:: Description of the task ::
Nothing outside the lines below from the one containing "4 Tiers Metal" through the one containing "Chatwoot: Open-source, self-hosted" is to be printed; print those exactly, ends included, and drop the pictures.

:: Materials provided ::
• • •
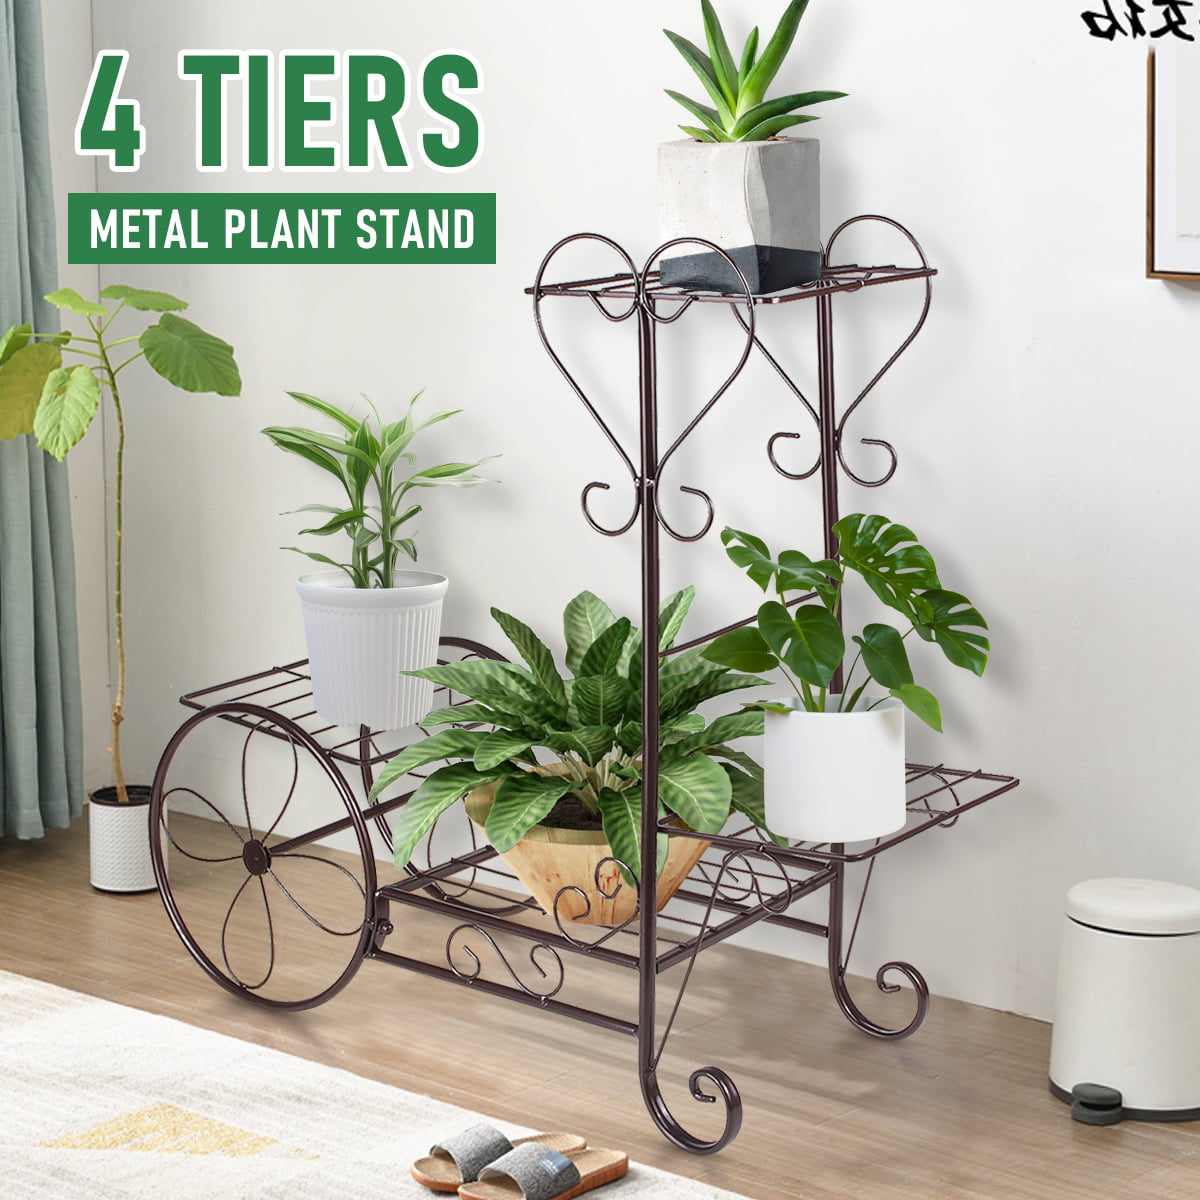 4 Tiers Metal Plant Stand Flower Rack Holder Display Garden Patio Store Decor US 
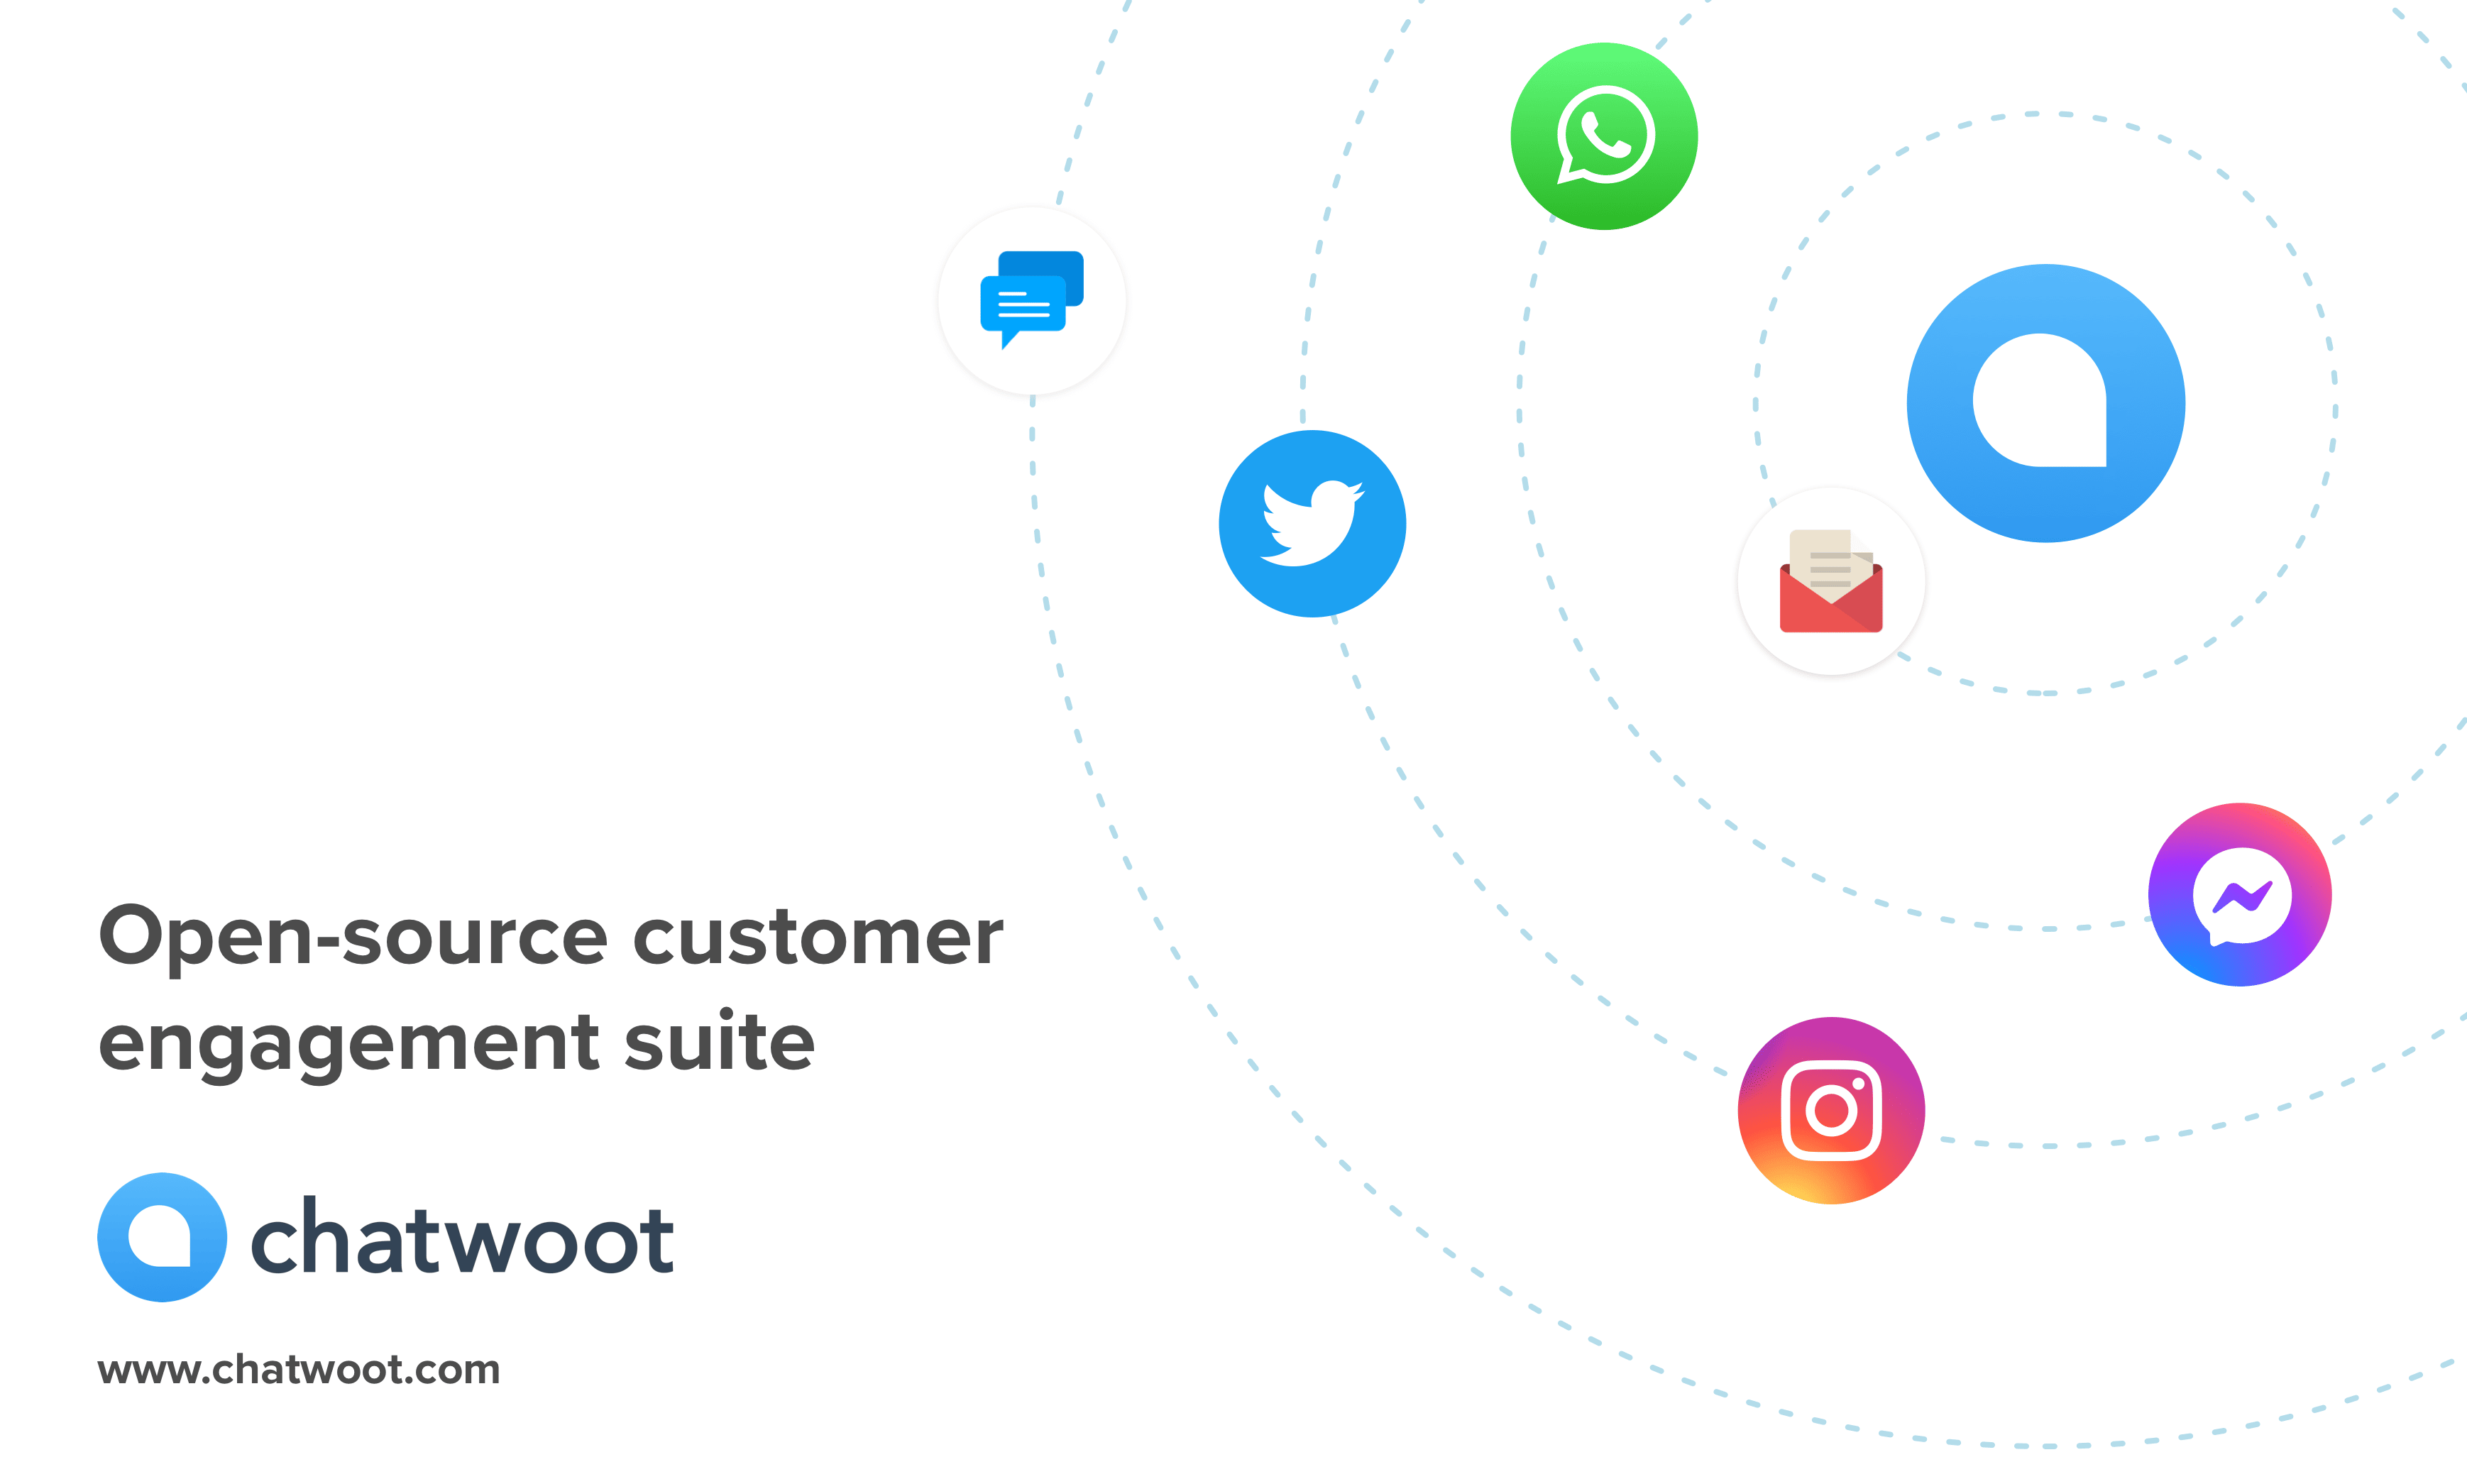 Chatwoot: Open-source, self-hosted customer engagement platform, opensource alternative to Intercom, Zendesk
• • •
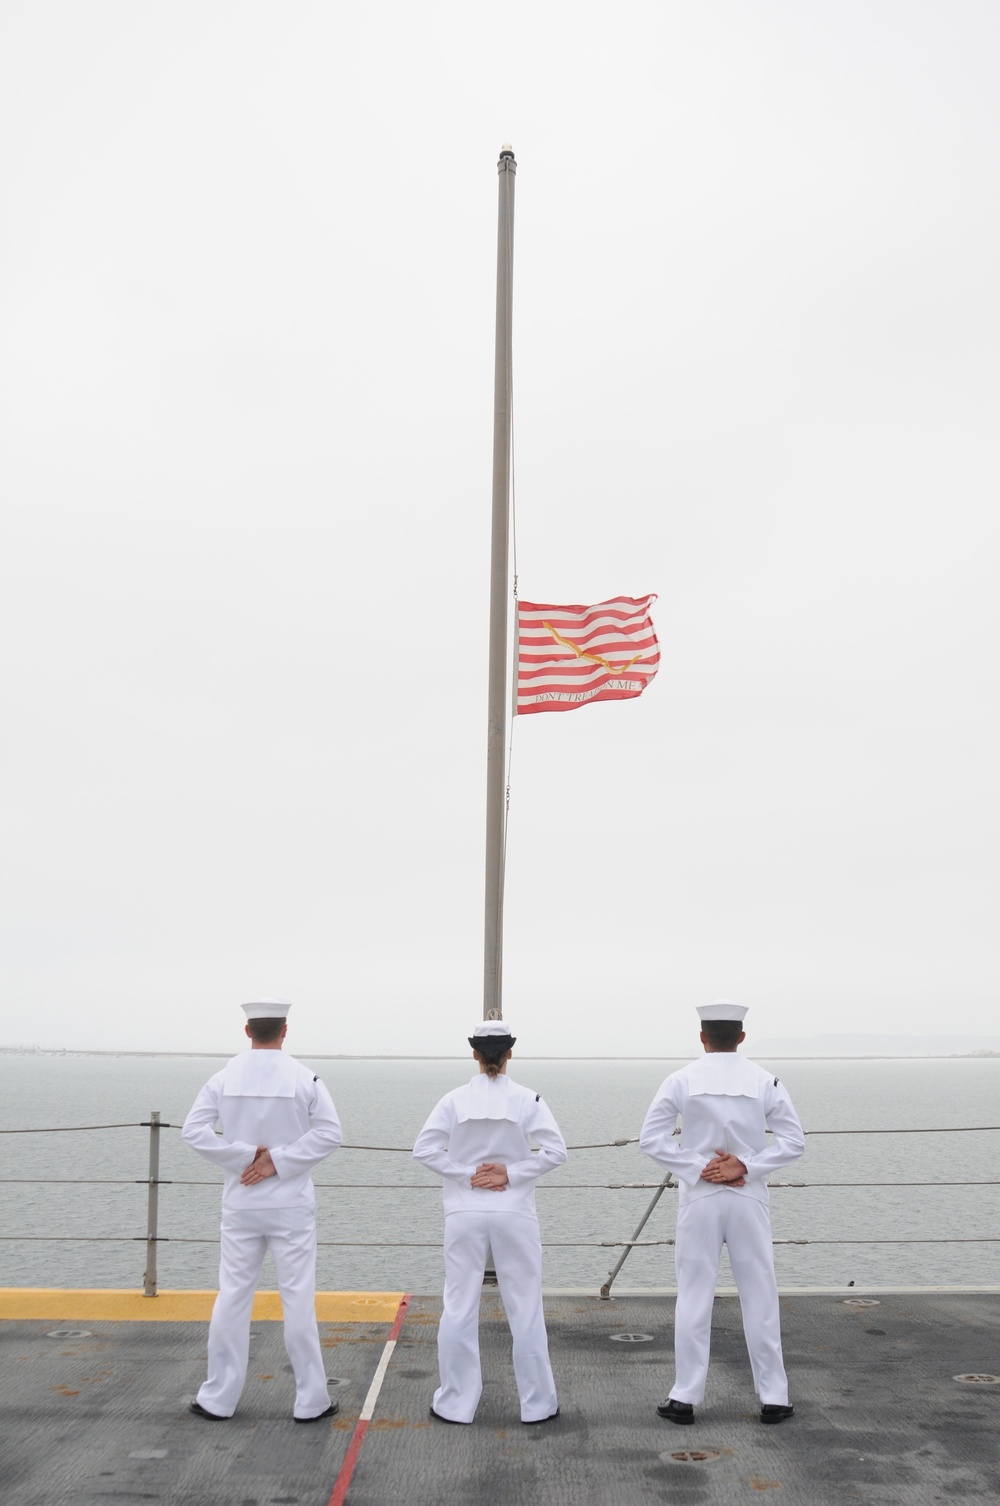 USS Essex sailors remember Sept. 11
• • •
:: Completed task ::
 4 Tiers Metal Plant Stand Flower Rack Holder Display Garden Patio Store Decor US 
 Chatwoot: Open-source, self-hosted customer engagement platform, opensource alternative to Intercom, Zendesk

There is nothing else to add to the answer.